Combination of Similarity. We discuss three similarity measures from different points of view. In order to get the total similarity, we combine these measures based on a natural way (linear combination). Thus, we define the similarity scoring function between two classes $c_{i}$ and $c_{j}$ as follows.

$$\begin{aligned} sim(c_{i}, c_{j})=\alpha \cdot sim_{cos}(c_{i}, c_{j})+ \beta \cdot sim_{edit}(c_{i}, c_{j})+ \gamma \cdot sim_{sem}(c_{i}, c_{j}) \end{aligned}$$

(4)

where $\alpha +\beta +\gamma =1$ and $\alpha , \beta , \gamma \in [0, 1]$ indicate the weights for each similarity measure to be tuned empirically.

Also, the similarity between two links $l_{i}$ and $l_{j}$ can be captured according to the above method.

3.2 Information-Theoretic Co-clustering Links and Classes

In [4], Dhillon et al. define co-clustering as a pair of maps from rows to row-clusters and from columns to column-clusters based on information theory. The optimal co-clustering is one that minimizes the difference (“loss”) in mutual information between the original random variables and the mutual information between the clustered random variables.

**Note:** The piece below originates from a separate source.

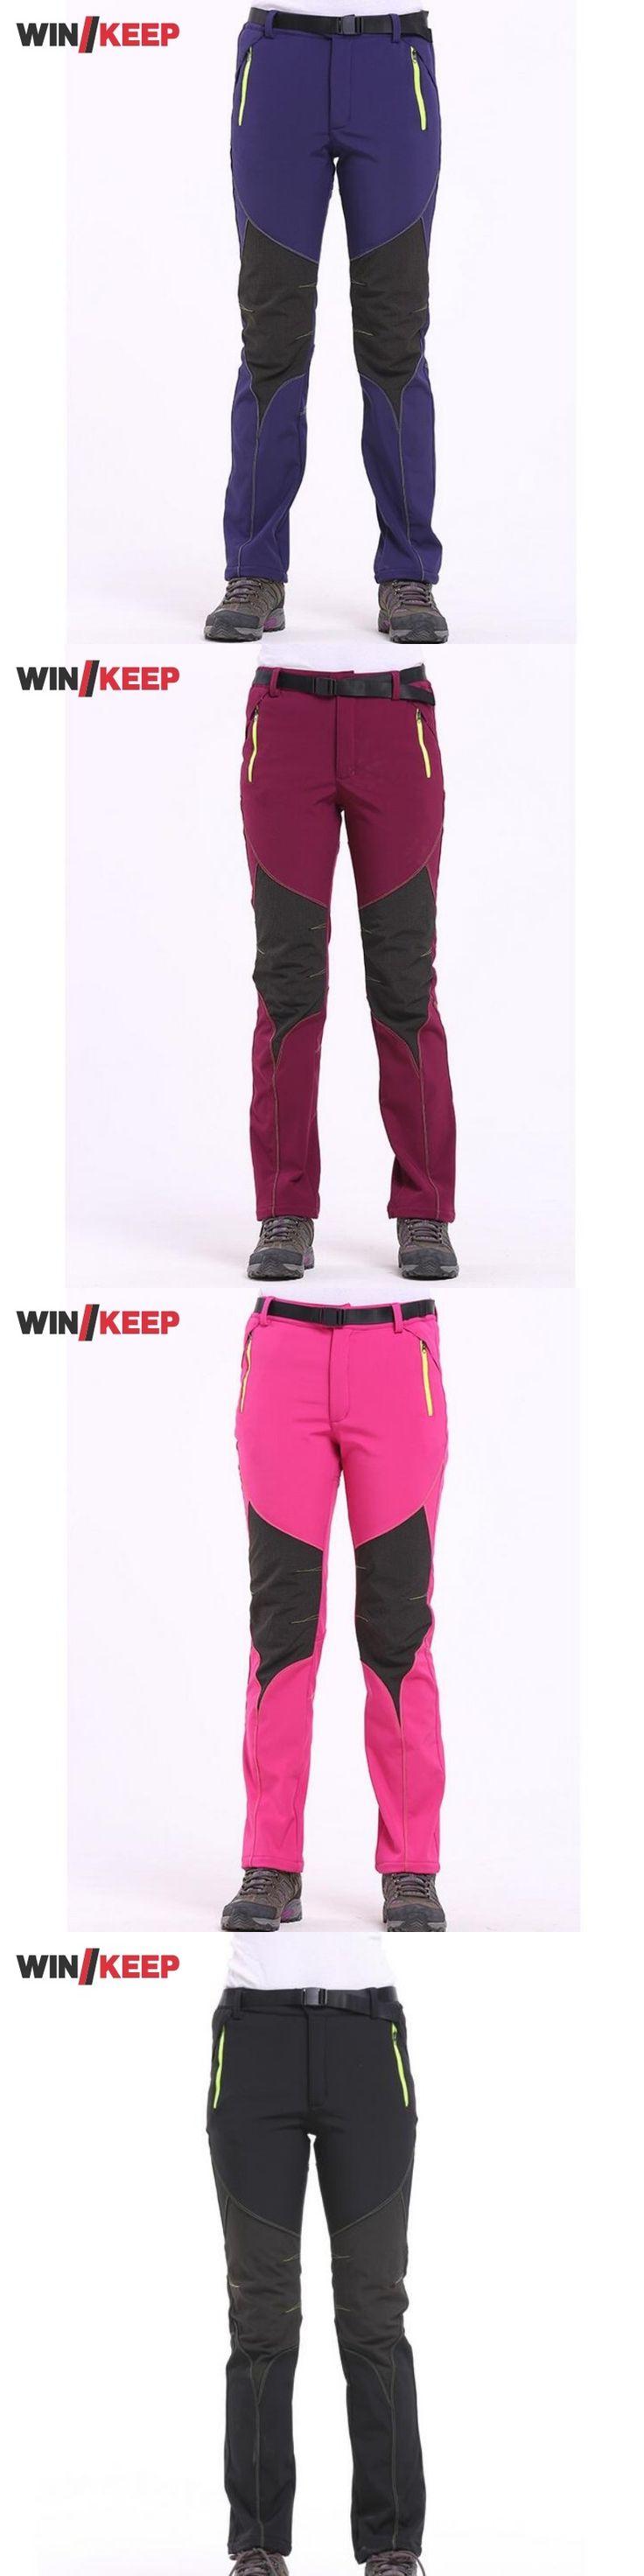 Climbing Women Hiking Pants Softshell Velvet Warm Trousers For Women Outdoor Patchwork Feminino Sports Pants Windbreaker Trouser

Let $X= \{x_{1},..., x_{m}\}$ and $Y= \{y_{1},..., y_{n}\}$ be discrete random variables respectively. Let p(X, Y) denote the joint probability distribution between X and Y. Let the k disjoint clusters of X be written as: $\hat{X}=\{\hat{x}_{1}, \hat{x}_{2},..., \hat{x}_{k}\}$, and the l disjoint clusters of Y be written as: $\hat{Y}=\{\hat{y}_{1}, \hat{y}_{2},..., \hat{y}_{l}\}$. An optimal co-clustering minimizes the loss of mutual information, defined as

$$\begin{aligned} I(X; Y) - I(\hat{X}; \hat{Y})= D(p(X, Y)||q(X, Y)) \end{aligned}$$

(5)

where I(X; Y) is the mutual information between sets X and Y, $D(\cdot ||\cdot )$ denotes the Kullback-Leibler(KL) divergence, and q(X, Y) is a distribution of the form $q(x, y) = p(\hat{x}, \hat{y})p(x|\hat{x})p(y|\hat{y})$, $x\in \hat{x}$, $y\in \hat{y}$.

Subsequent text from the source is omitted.